Les moteurs de recherche et la conservation des données personnelles

Le groupe de travail européen en matière de protection de donnée a Google, Microsoft et Yahoo dans le collimateur

En France, Alex Türk, président de la CNIL, explique depuis des années que les principes de la loi "Informatique et Libertés" s'appliquent à Internet et aux moteurs de recherche et soulignent les dangers de la conservation des données par ceux-ci. Ainsi au nom du droit à l'oubli numérique, le président de la CNIL et le Groupe de l'Article 29 souhaiteraient abaisser ainsi le temps de conservation maximale des données à 6 mois.

Le 26 mai 2010, le groupe de travail "Article 29" a tancé, à nouveau, les trois principaux opérateurs de moteurs de recherche : Google, Yahoo et Microsoft. En effet, les méthodes utilisées par la sainte trinité afin d'anonymiser les données de recherche de l'utilisateur, ne sont toujours pas en accord avec les opinions des autorités nationales de protection des données personnelles.

L'un des piliers de cette directive européenne repose sur le fait que les informations personnelles d'un individu ne peuvent être utilisées plus longtemps que nécessaire.
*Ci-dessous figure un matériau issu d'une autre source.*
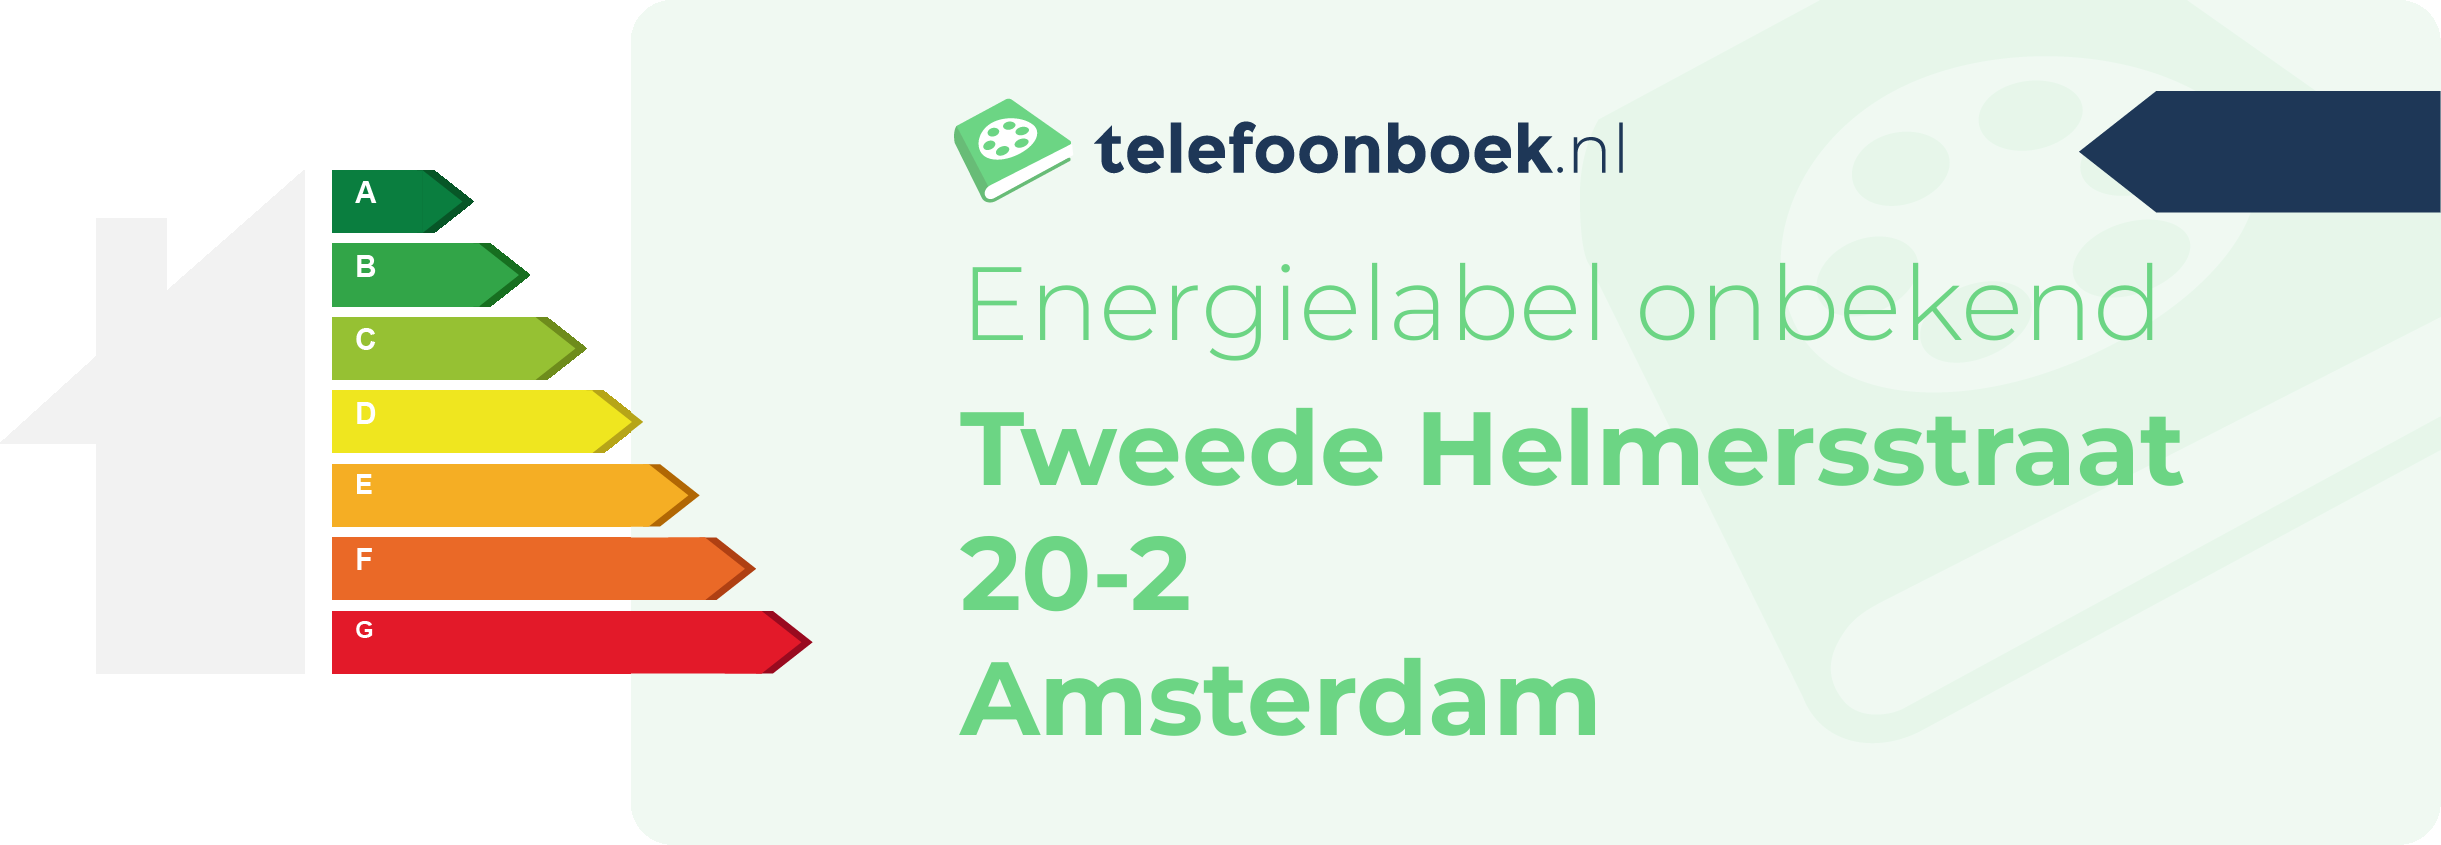 Energielabel Tweede Helmersstraat 20-2 Amsterdam

Les responsables de fichiers ne doivent donc pas "[conserver les données à caractère personnel] sous une forme permettant l'identification des personnes concernées pendant une durée n'excédant pas celle nécessaire à la réalisation des finalités pour lesquelles elles sont collectées..." (art. 6 e de la directive) ).

Le Groupe de l'Article 29 ne s'est pas contenté d'envoyer des recommandés aux trois sociétés, les enjoignant de faire appel à un commissaire tiers afin de vérifier "l'engagement à rendre les recherches Internet de l'utilisateur vraiment anonymes". Des copies de ces courriers ont été envoyées à la Commission Fédérale du Commerce (FTC) ainsi qu'à Viviane Reding, Commissaire Européenne en charge de la Justice, des Droits Fondamentaux et du Citoyen. Le groupe de travail demande au FTC de contrôler l'adéquation des pratiques des moteurs de recherches avec la section 5 du Federal Commission Act. Cette cinquième section attribue au FTC le pouvoir d'enquêter en matière de pratique commerciale trompeuse (i.e : fraude) et/ou déloyale.

La nouvelle inquiétude du groupe de travail se fonde maintenant sur la multiplication des données audiovisuelles (ainsi que audio et/ou visuelles) et l'utilisation accrue des services de géolocalisation sur Internet.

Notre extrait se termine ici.